Yeah, I hate to see what she does to her significant other.... actually...


----------



## playstopause (Apr 3, 2007)

Cool vid  Crazy jap piano player ftw.


----------



## Mastodon (Apr 3, 2007)

Holy shit this is awesome. Thanks for posting this.

This one is great as well: http://www.youtube.com/watch?v=-wg5JnFqKUc&NR=1


----------



## Alpo (Apr 4, 2007)

Awesome!


----------



## JPMDan (Apr 4, 2007)

NOICE!!!!


----------



## Mastodon (Apr 4, 2007)

Not sure if this is okay or not, but I've recorded this and a bunch of her other videos so that I can listen to them on my mp3 player.
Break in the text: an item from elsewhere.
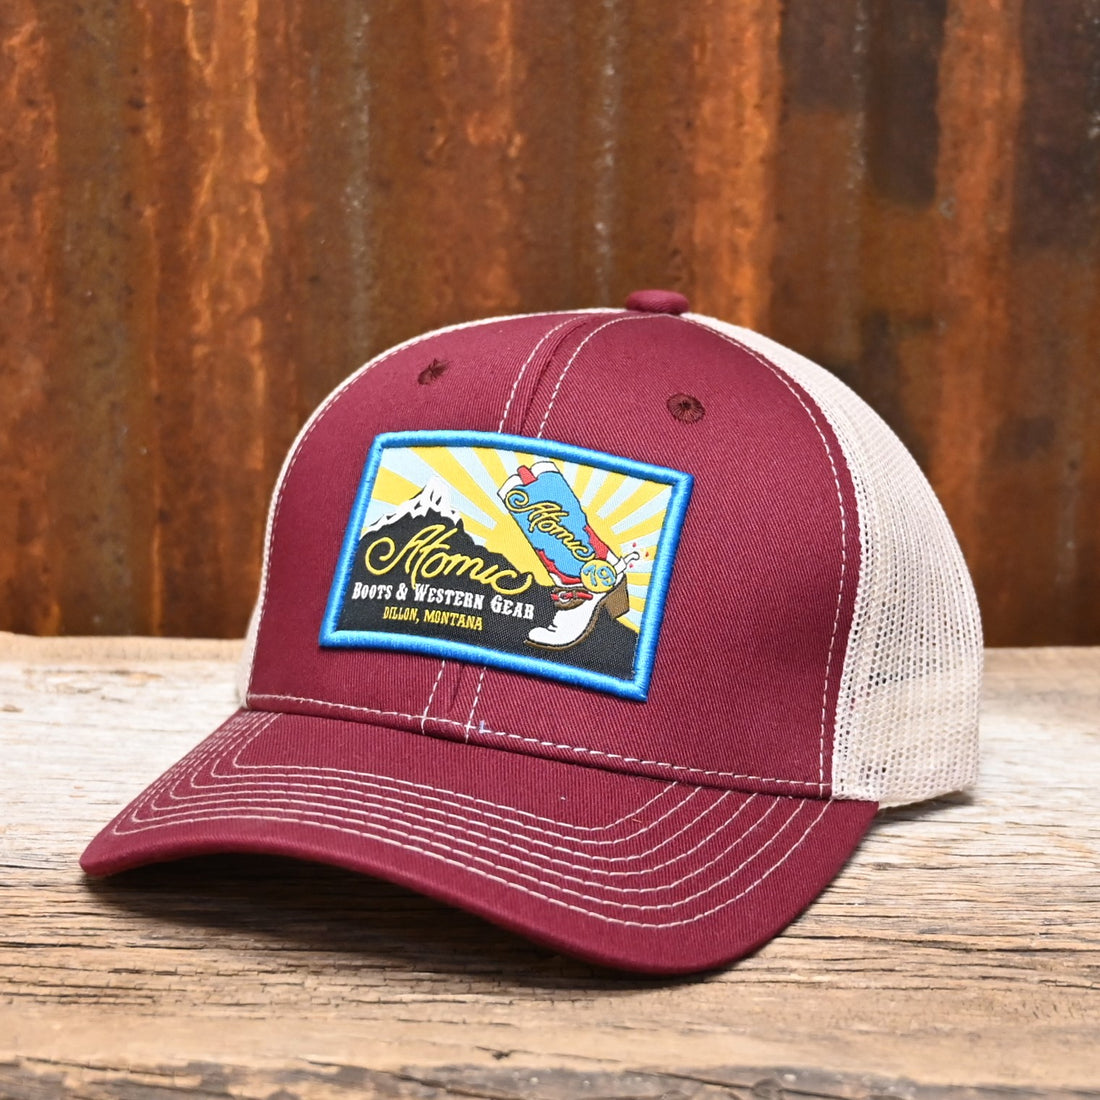 Atomic 79Trucker Cap with Sunrise Patch on Maroon view of hat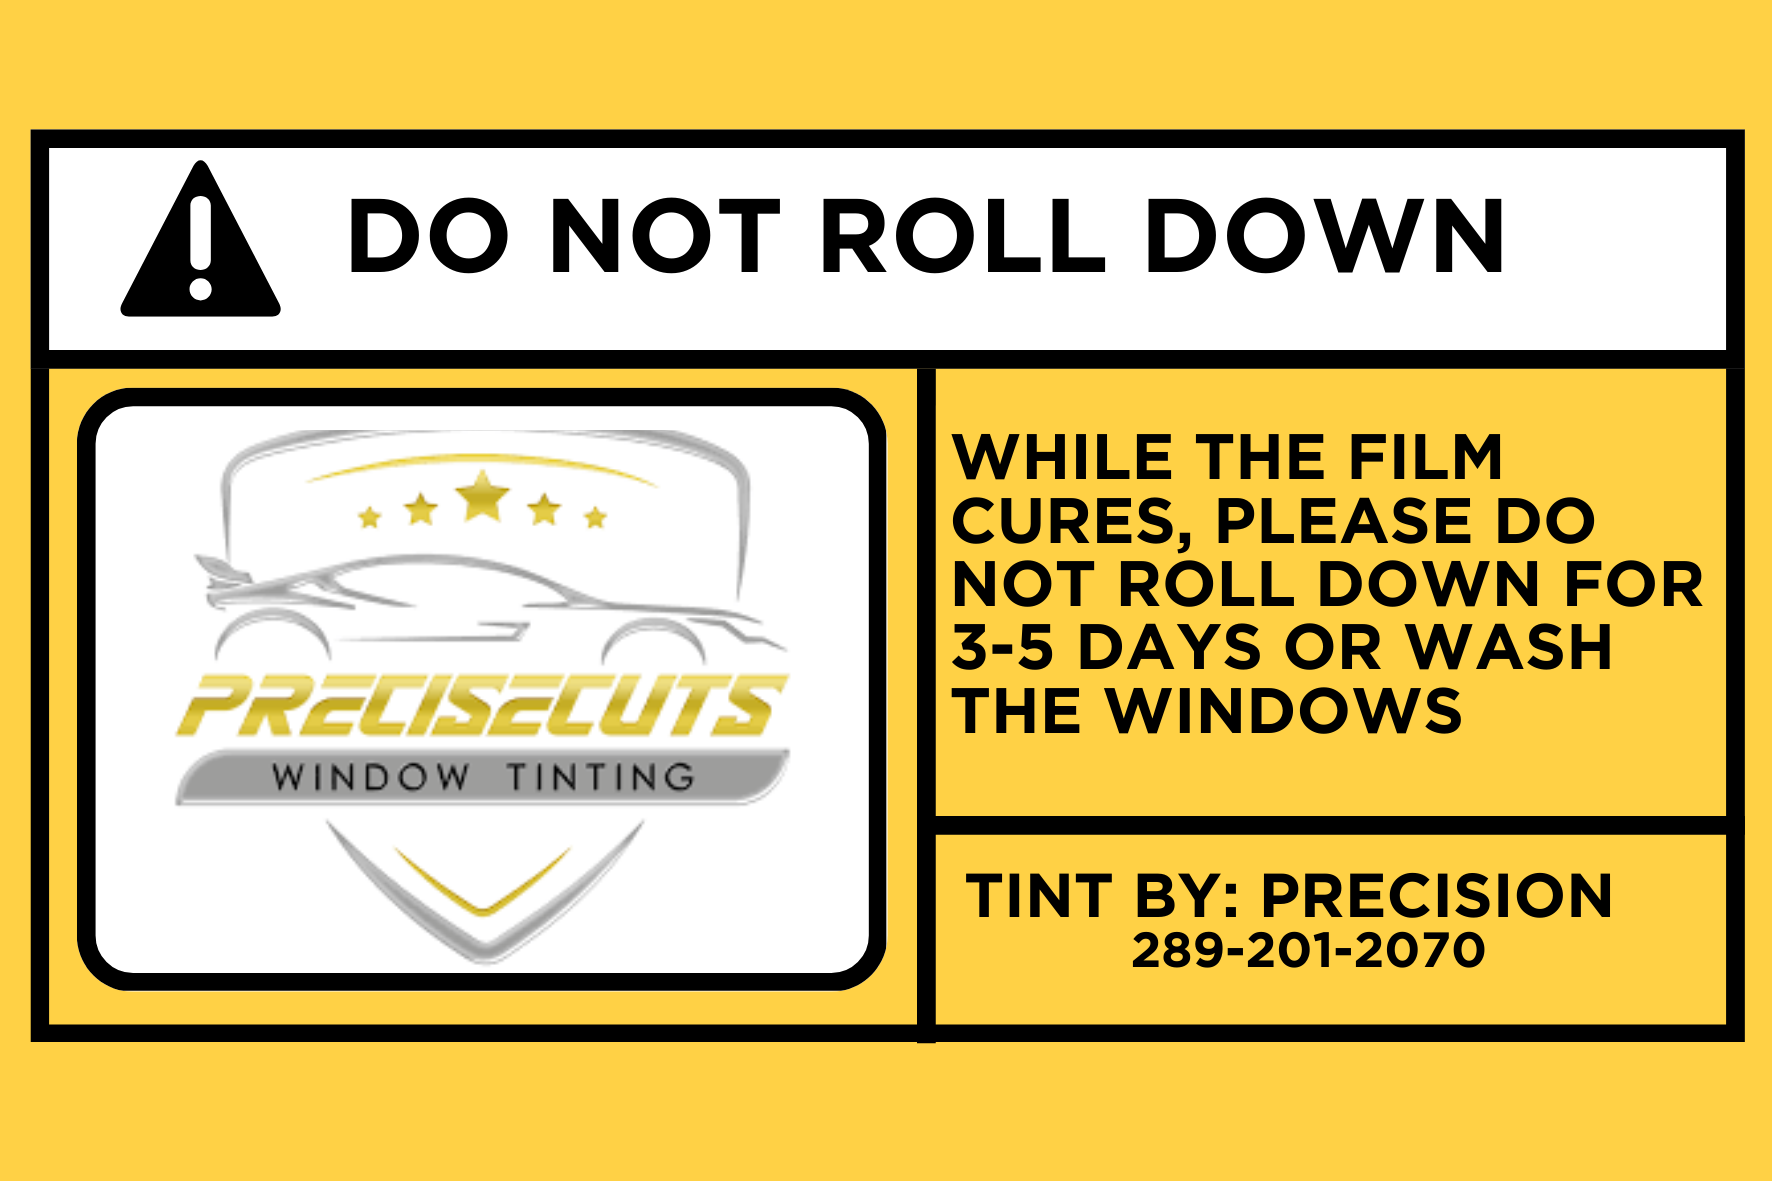 DO NOT ROLL DOWN STICKERS: CUSTOM WARNING STICKERS

If anyone's interested in them hit me up with a pm.


----------



## eaeolian (Apr 4, 2007)

Damn. Rippin!


----------



## Mastodon (Apr 4, 2007)

If Naren steps in here, I was wondering if you could tell us what all she says in this interview. http://www.youtube.com/watch?v=2uSD3Guayz0&mode=related&search=


----------



## playstopause (Apr 4, 2007)

Who is the nameless moron that neg-rep. me for saying "crazy jap" and can't read the irony??? 

Show up dude.


----------



## OzzyC (Apr 4, 2007)

playstopause said:


> Who is the nameless moron that neg-rep. me for saying "crazy jap" and can't read the irony???
> 
> Show up dude.



Don't worry about it, I've gotten neg for worse reasons. The most recent being the reccomendation of double sided tape incase a prerson didn't want screwholes on the front of a rear routed guitar when they installed a pickguard.


----------



## TomAwesome (Apr 4, 2007)

OzzyC said:


> Don't worry about it, I've gotten neg for worse reasons. The most recent being the reccomendation of double sided tape incase a prerson didn't want screwholes on the front of a rear routed guitar when they installed a pickguard.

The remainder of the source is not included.